Much work in cell biology and biophysics has been done in the field of microscopic fluorescent object tracking. From this work, a wealth of information concerning the underlying mechanisms of the molecular machinery of the cell was extracted. The physical properties of molecular motors of the kinesin, myosin and dynein superfamilies were discovered. Despite this success, the average level of sophistication in the algorithms used is still lower than that of other fields. This is partially explained by the more complex input data, where the signal-to-noise ratio is low and the complexity of system is high. At the same time, kinematical models, which are used to provide higher tracking quality, are the subject of continuing research. This precludes the researcher from the use of a model of motion in the tracking algorithm. High clutter density and essentially non-homogenous backgrounds in live-cell fluorescent microscopy have effects, such that, e.g., the number of endosomes which human beings can see in a movie is much higher than the number of endosomes one can see in still images. The current state-of-the-art object searching algorithms, which are based on function fitting procedures, can find virtually all the objects visible on one frame.
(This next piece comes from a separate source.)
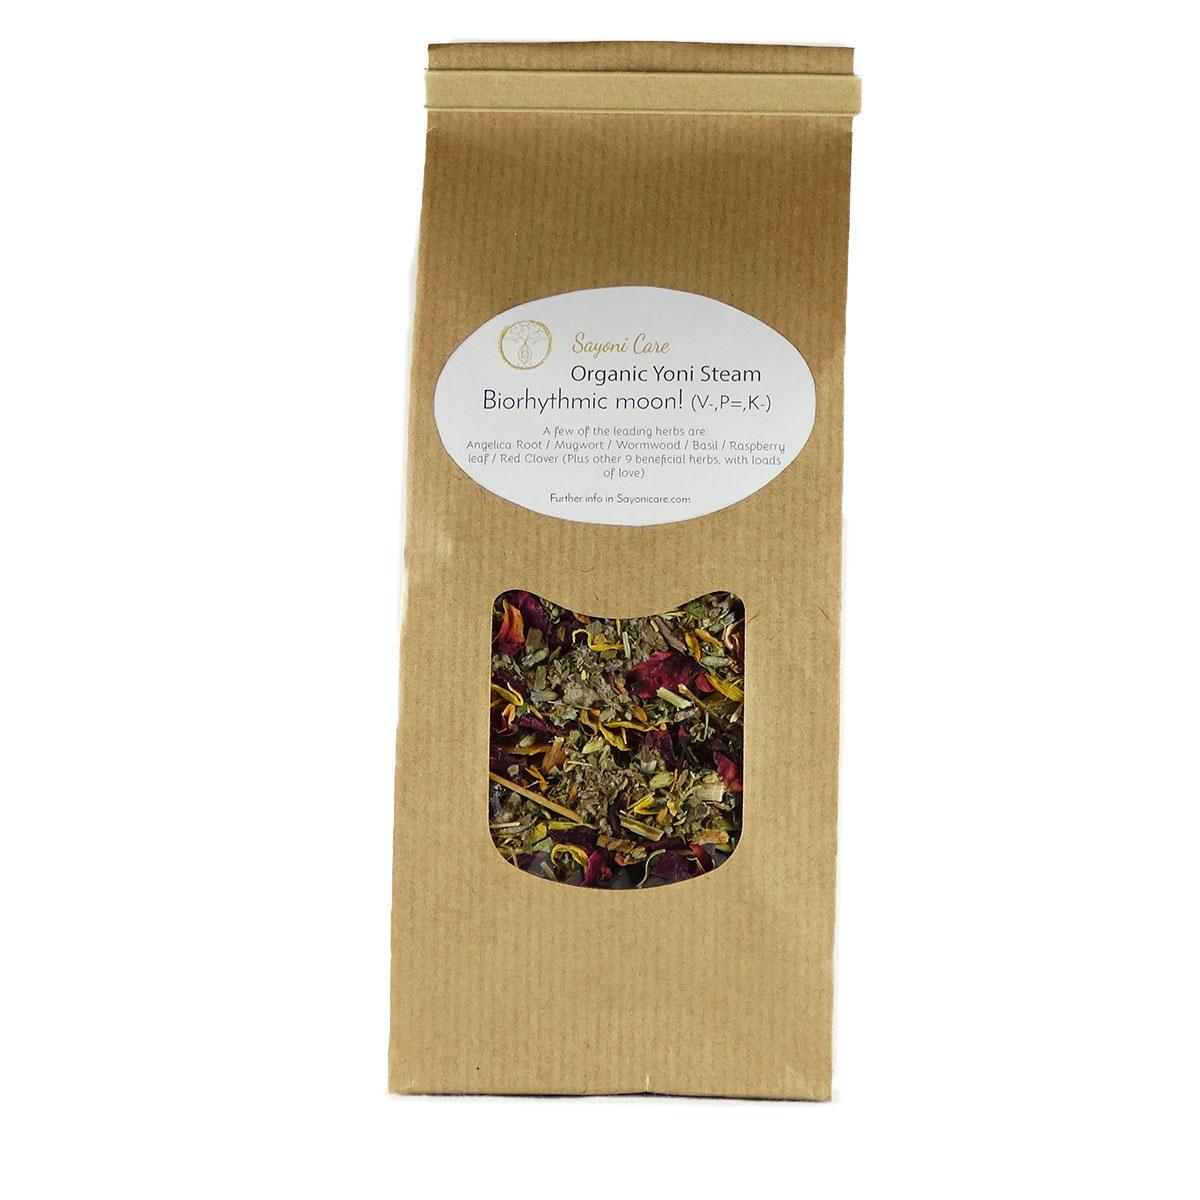 Biorhythmic moon organic herbal vaginal steam - Sayoni Care

However, this is considerably fewer than can be seen in a movie. In the case of many fast objects in a crowded surrounding, the human eye is still better than the best software available. Yet lowering the object search threshold can result in an explosion of clutter density that almost prohibits tracking. The track-before-detecting approach [37,85], where the object search is performed in the close vicinity of the predicted track position, can be performed with a much lower threshold, and this looks promising. Generally, development of probabilistic predictive algorithms, like MHT and JPDA, which are appropriate to the movement of biological objects, is fruitful direction of future research too. Another possible direction is an iterative approach: the initial tracking is performed by greedy algorithm, than the model of object movement is generated and model-based probabilistic approach is used for tracking. On base of second tracking model is refined and process is repeated. The demand to the more reliable tracking of low intensity objects and new development in the microscopy techniques open the wide field for the future research in the intracellular object tracking filed.